**Supplied information**
****************************************
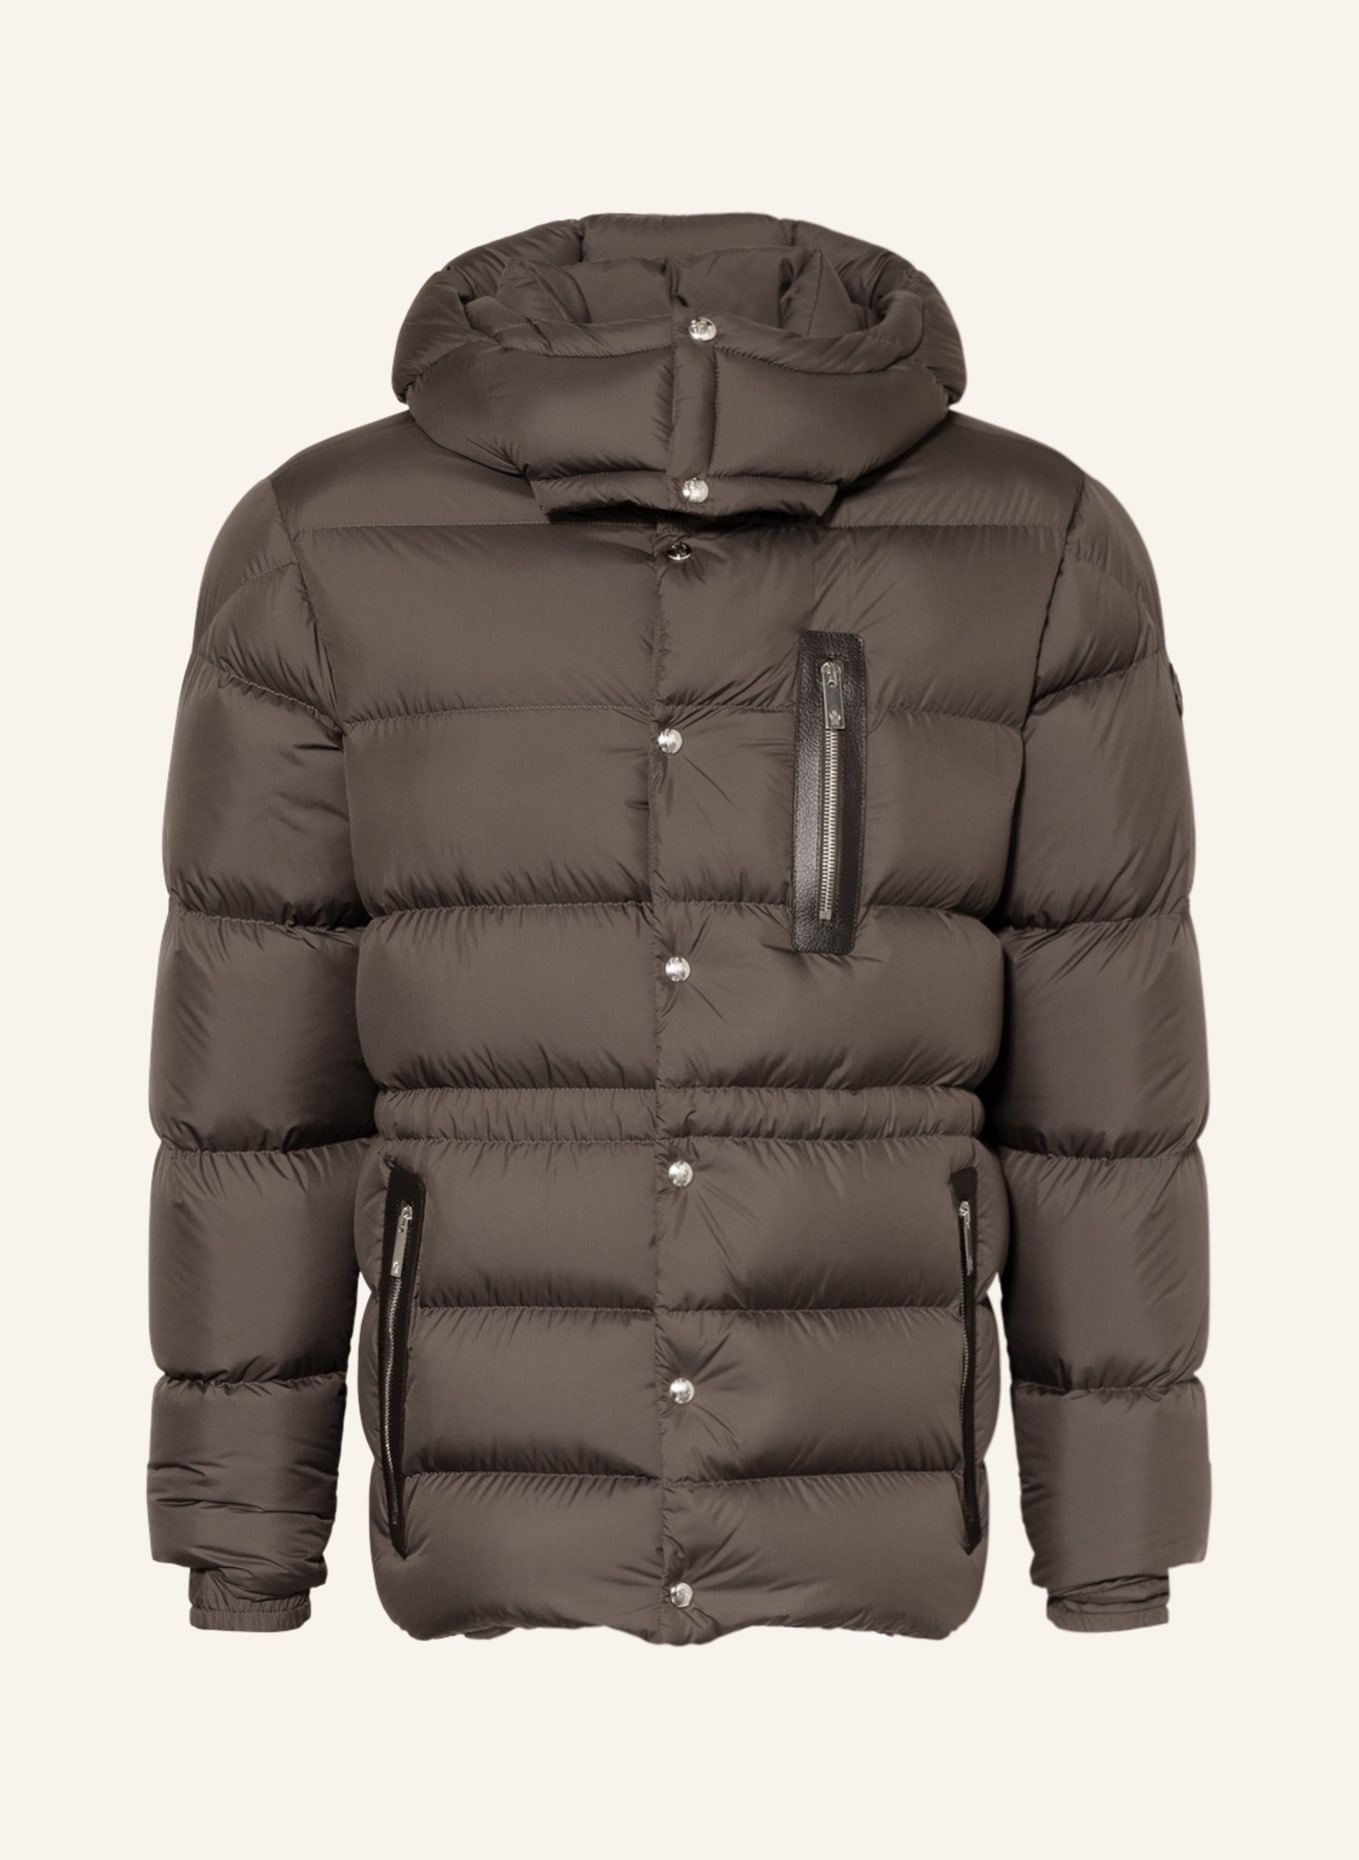 MONCLER Down jacket BAUGES with removable hood, Color: OLIVE (Image 1)
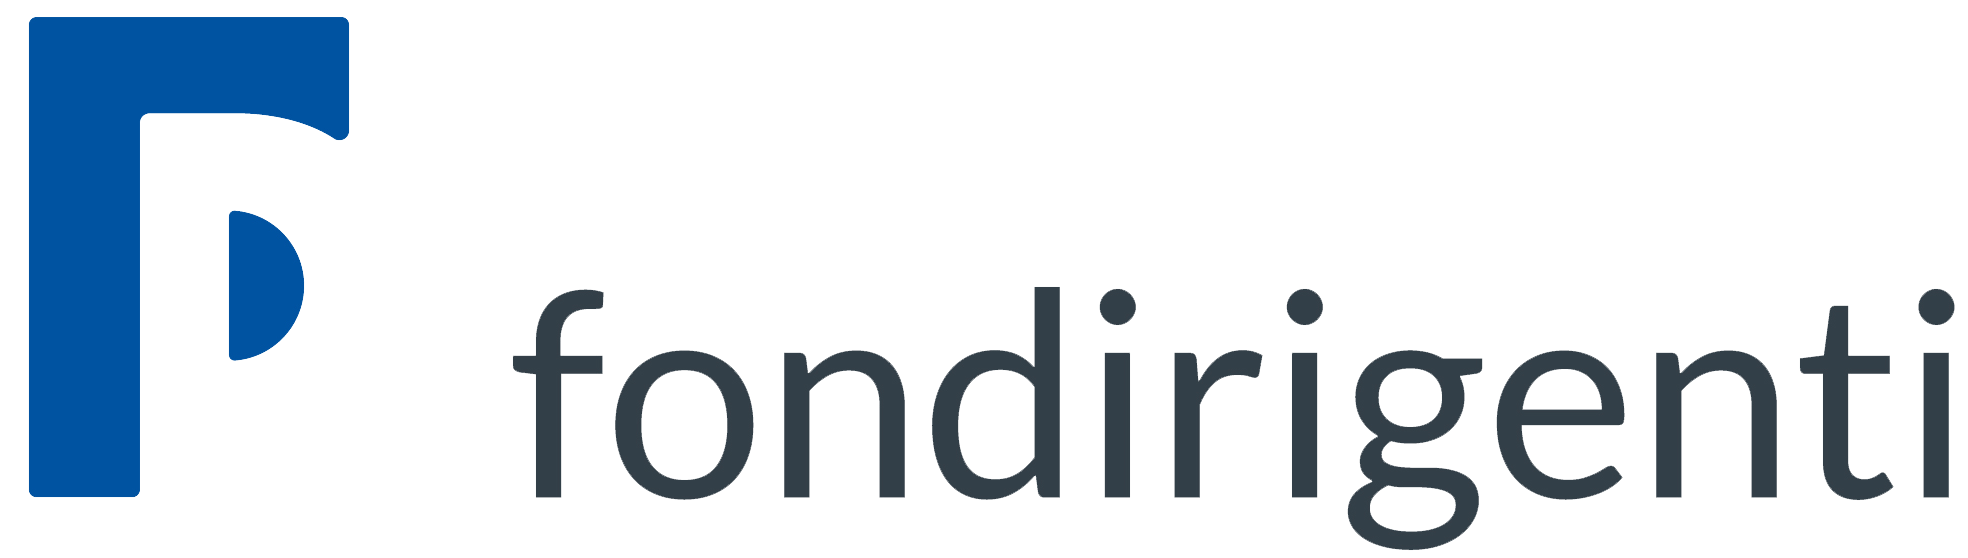 Formazione finanziata brescia: logo Fondirigenti - In Training
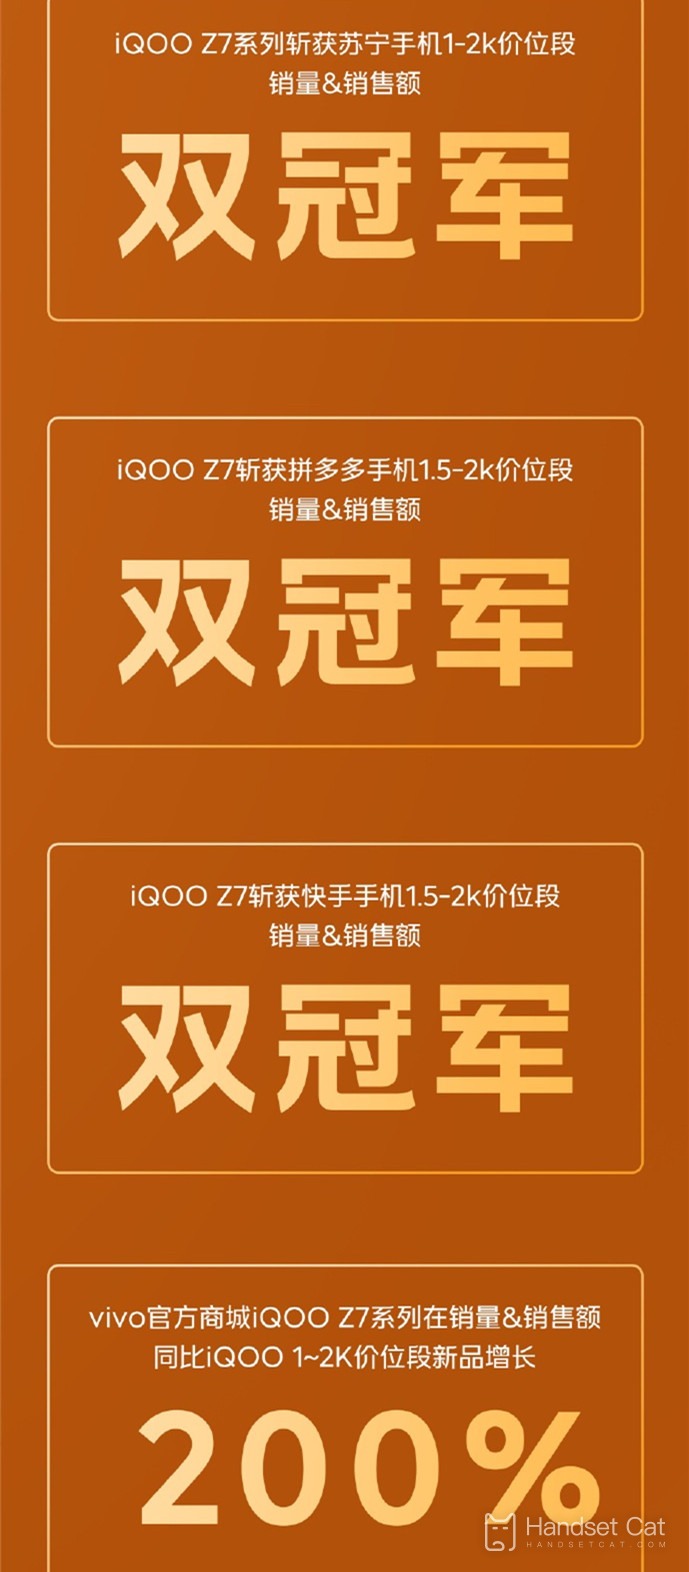 開售即報捷！iQOO Z7系列斬獲多渠道銷量、銷售額冠軍
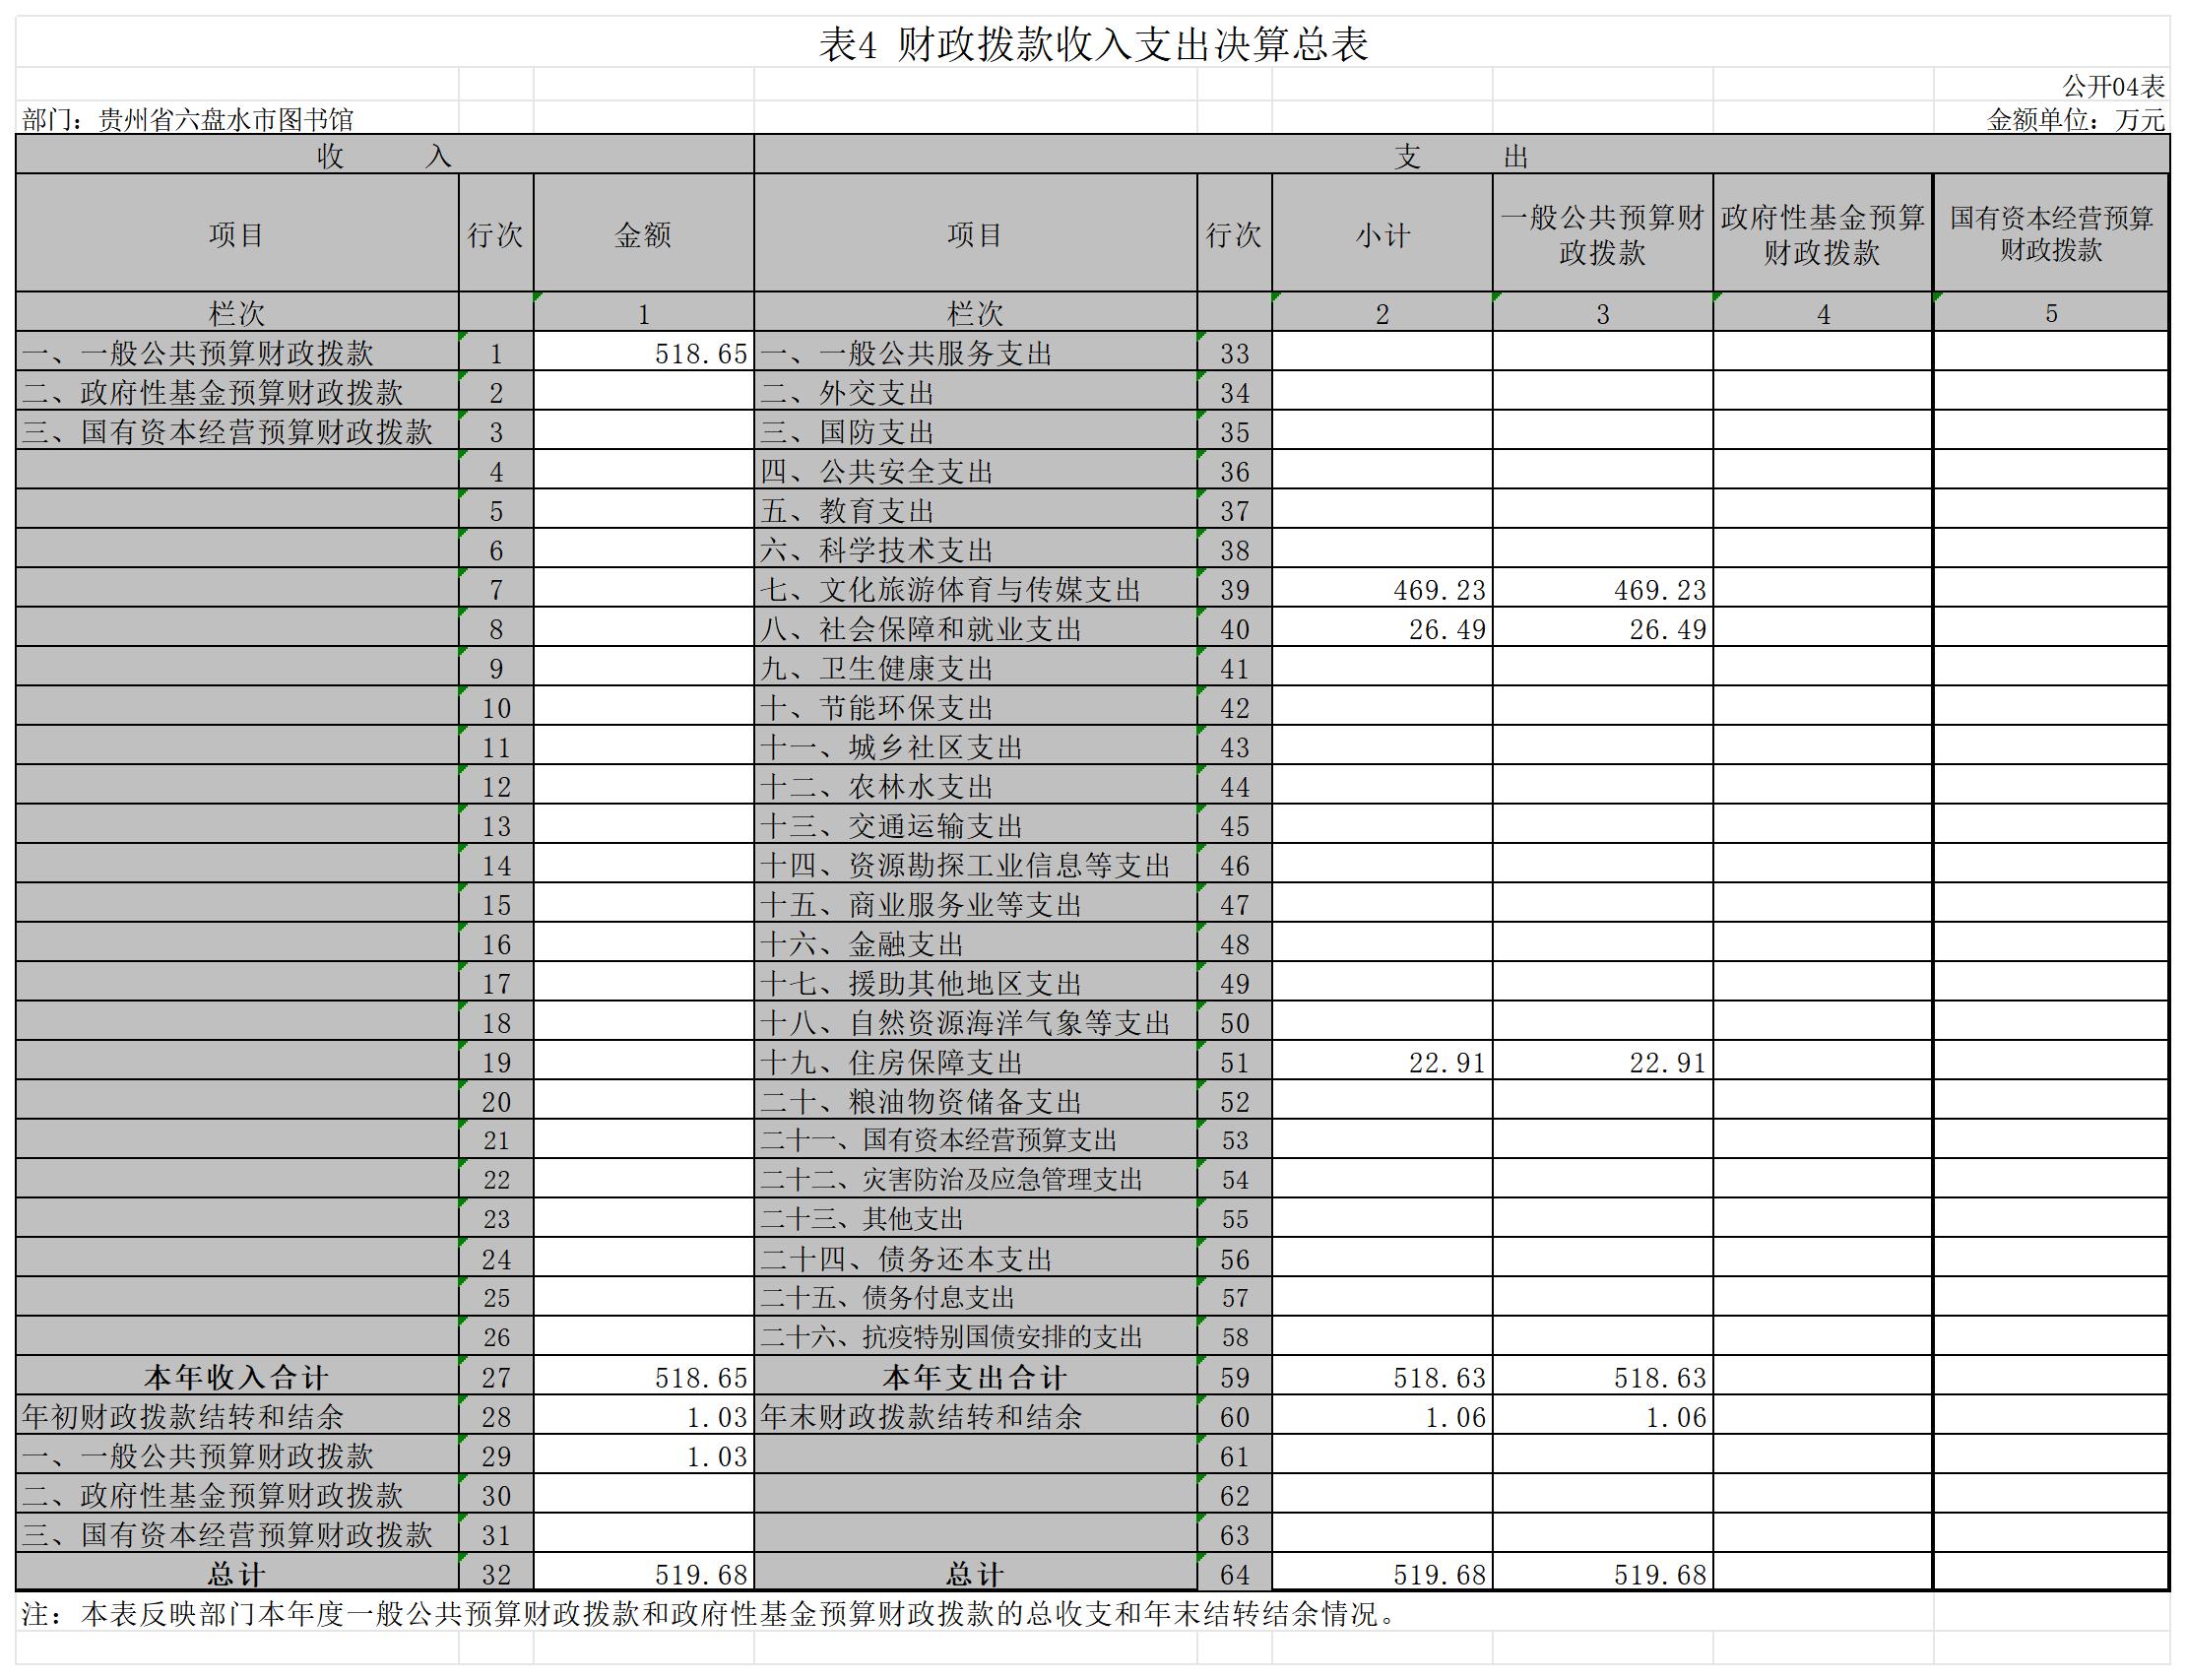 贵州省六盘水市图书馆2021年部门决算公开表格_G04 表4 财政拨款收入支出决算总表(公开04表).jpg
****************************************
**Your objective**
Please restate, word for word, the lines from the one with "Formazione finanziata brescia: logo" through the final line of the material, both included, and omit the pictures.

**Expected output**
 Formazione finanziata brescia: logo Fondirigenti - In Training
 開售即報捷！iQOO Z7系列斬獲多渠道銷量、銷售額冠軍
 贵州省六盘水市图书馆2021年部门决算公开表格_G04 表4 财政拨款收入支出决算总表(公开04表).jpg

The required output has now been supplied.